Mark-sweep algorithm

  • This method is divided into "mark" and "clear" two stages: first mark all the objects that need to be recycled, after the completion of mark all the marked objects. It is the most basic collection algorithm, and subsequent collection algorithms are based on this idea and improve its shortcomings.
  • There are two main deficiencies: one is the efficiency problem, the efficiency of both marking and clearing is not high; The other is the space problem. After the mark is cleared, a large number of discontinuous memory fragments will be generated. Too much space fragment may cause that when the program needs to allocate large objects in the future, it cannot find enough contiguous memory and has to trigger another garbage collection action in advance.

Copying algorithms

  • This method divides the available memory into two equally sized pieces by capacity and uses only one of them at a time. When this area of memory is used up, the surviving objects are copied to the other area, and the used memory space is cleaned up again. In this way, the memory is reclaimed for the whole half region every time, and there is no need to consider the complicated situation of memory fragmentation when allocating memory. As long as the heap top pointer is moved, the memory can be allocated in order, which is simple to implement and efficient to run. But half the available memory is costly.

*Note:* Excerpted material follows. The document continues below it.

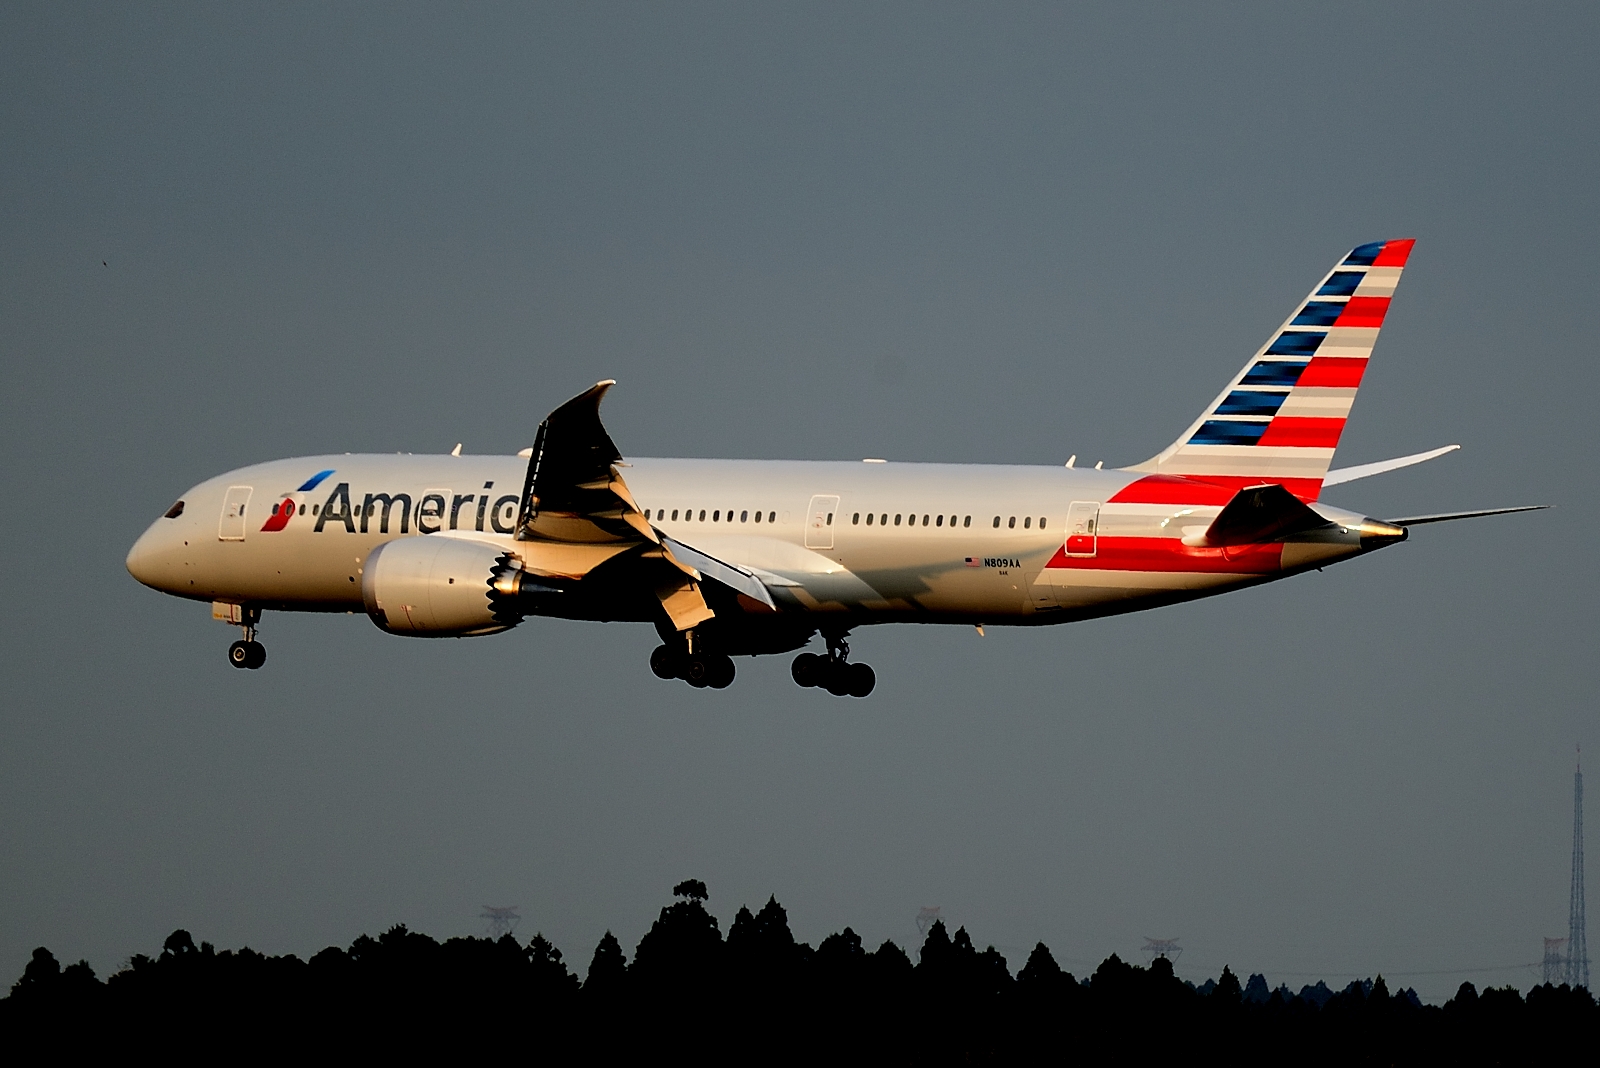 American Airlines sviluppa la tecnologia Smart Gating per ridurre i tempi di avvicinamento al gate degli aeromobili in arrivo

  • This method is generally used in the recovery of the new generation, because 98% of the objects of the new generation will be recovered soon, so the division is not 1:1, but divided into a large Eden space and two small Survivor Spaces. Use Eden and one of the pieces Survivor each time. When recycling is done, the surviving objects in Eden and Survivor are copied to another Survivor space once and for all, and Eden and the Survivor space that was just used are cleaned up. By default, the HotSpot VIRTUAL machine has an 8:1:1 ratio of Eden to Survivor, meaning that 90% of the available memory in the new generation is wasted and only 10% is wasted.

Mark-compact algorithm

  • The copy-collection algorithm has to carry out more replication operations when the object survival rate is high, and the efficiency will be low. More importantly, if you do not want to waste 50% of the space, you need to have extra space for allocation guarantee, in the extreme case that all objects in the memory used are 100% alive, so in the old days, this algorithm generally cannot be used directly.
  • According to the characteristics of the old s, someone put forward another "tag - finishing" (Mark - Compact) algorithm, the labeling still like "tag - clear" algorithm, but the subsequent steps are not directly to recyclable objects to clean up, but let all live objects move to the end, and then clear directly outside the boundary of the memory.

Generational Collection

  • The current garbage collection of commercial virtual machines adopts the "generational collection" algorithm, which has no new idea, but divides the memory into several blocks according to the different life cycle of objects. Typically, the Java heap is divided into the new generation and the old generation, so that the most appropriate collection algorithm can be used for each generation. In the new generation, a large number of objects are found dead and only a few survive in garbage collection, so the replication algorithm is selected, and only a small amount of the replication cost of the surviving objects can be collected. In the old days, because the object has a high survival rate and there is no extra space to allocate it, it has to use the "mark-clean" or "mark-tidy" algorithm for recycling.
About (Moment For Technology) is a global community with thousands techies from across the global hang out!Passionate technologists, be it gadget freaks, tech enthusiasts, coders, technopreneurs, or CIOs, you would find them all here.